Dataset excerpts
---------------

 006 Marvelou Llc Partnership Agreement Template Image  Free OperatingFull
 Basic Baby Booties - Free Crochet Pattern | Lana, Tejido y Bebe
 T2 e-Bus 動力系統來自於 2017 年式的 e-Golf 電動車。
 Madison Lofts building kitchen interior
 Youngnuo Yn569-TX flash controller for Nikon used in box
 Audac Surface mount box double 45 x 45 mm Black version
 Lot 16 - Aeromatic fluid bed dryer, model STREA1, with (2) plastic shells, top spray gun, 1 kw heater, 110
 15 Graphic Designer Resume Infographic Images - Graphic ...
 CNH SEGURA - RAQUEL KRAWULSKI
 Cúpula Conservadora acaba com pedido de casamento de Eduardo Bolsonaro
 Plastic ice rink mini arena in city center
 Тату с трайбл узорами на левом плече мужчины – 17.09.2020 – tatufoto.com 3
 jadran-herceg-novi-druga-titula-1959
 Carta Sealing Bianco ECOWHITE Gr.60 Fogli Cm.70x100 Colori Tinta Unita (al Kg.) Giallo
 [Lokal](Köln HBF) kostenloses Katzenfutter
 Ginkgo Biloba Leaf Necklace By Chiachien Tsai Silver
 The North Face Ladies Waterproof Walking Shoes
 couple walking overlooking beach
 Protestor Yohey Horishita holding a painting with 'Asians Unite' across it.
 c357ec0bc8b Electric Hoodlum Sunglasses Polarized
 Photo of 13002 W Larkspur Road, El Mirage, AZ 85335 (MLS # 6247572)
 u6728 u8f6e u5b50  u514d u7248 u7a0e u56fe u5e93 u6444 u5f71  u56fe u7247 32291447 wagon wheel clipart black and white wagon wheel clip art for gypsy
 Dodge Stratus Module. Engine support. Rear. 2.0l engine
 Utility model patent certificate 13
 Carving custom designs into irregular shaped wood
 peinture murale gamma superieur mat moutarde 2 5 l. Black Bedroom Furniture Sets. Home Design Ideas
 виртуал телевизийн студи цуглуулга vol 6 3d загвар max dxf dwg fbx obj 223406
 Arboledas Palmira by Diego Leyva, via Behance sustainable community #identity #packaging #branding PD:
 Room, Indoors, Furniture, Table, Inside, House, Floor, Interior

---------------

Task goal
Could you retype exactly the lines above, starting at the line that contains "Carta Sealing Bianco" and ending at the line that contains "Utility model patent certificate 13", and nothing more?

Solution to this problem
 Carta Sealing Bianco ECOWHITE Gr.60 Fogli Cm.70x100 Colori Tinta Unita (al Kg.) Giallo
 [Lokal](Köln HBF) kostenloses Katzenfutter
 Ginkgo Biloba Leaf Necklace By Chiachien Tsai Silver
 The North Face Ladies Waterproof Walking Shoes
 couple walking overlooking beach
 Protestor Yohey Horishita holding a painting with 'Asians Unite' across it.
 c357ec0bc8b Electric Hoodlum Sunglasses Polarized
 Photo of 13002 W Larkspur Road, El Mirage, AZ 85335 (MLS # 6247572)
 u6728 u8f6e u5b50  u514d u7248 u7a0e u56fe u5e93 u6444 u5f71  u56fe u7247 32291447 wagon wheel clipart black and white wagon wheel clip art for gypsy
 Dodge Stratus Module. Engine support. Rear. 2.0l engine
 Utility model patent certificate 13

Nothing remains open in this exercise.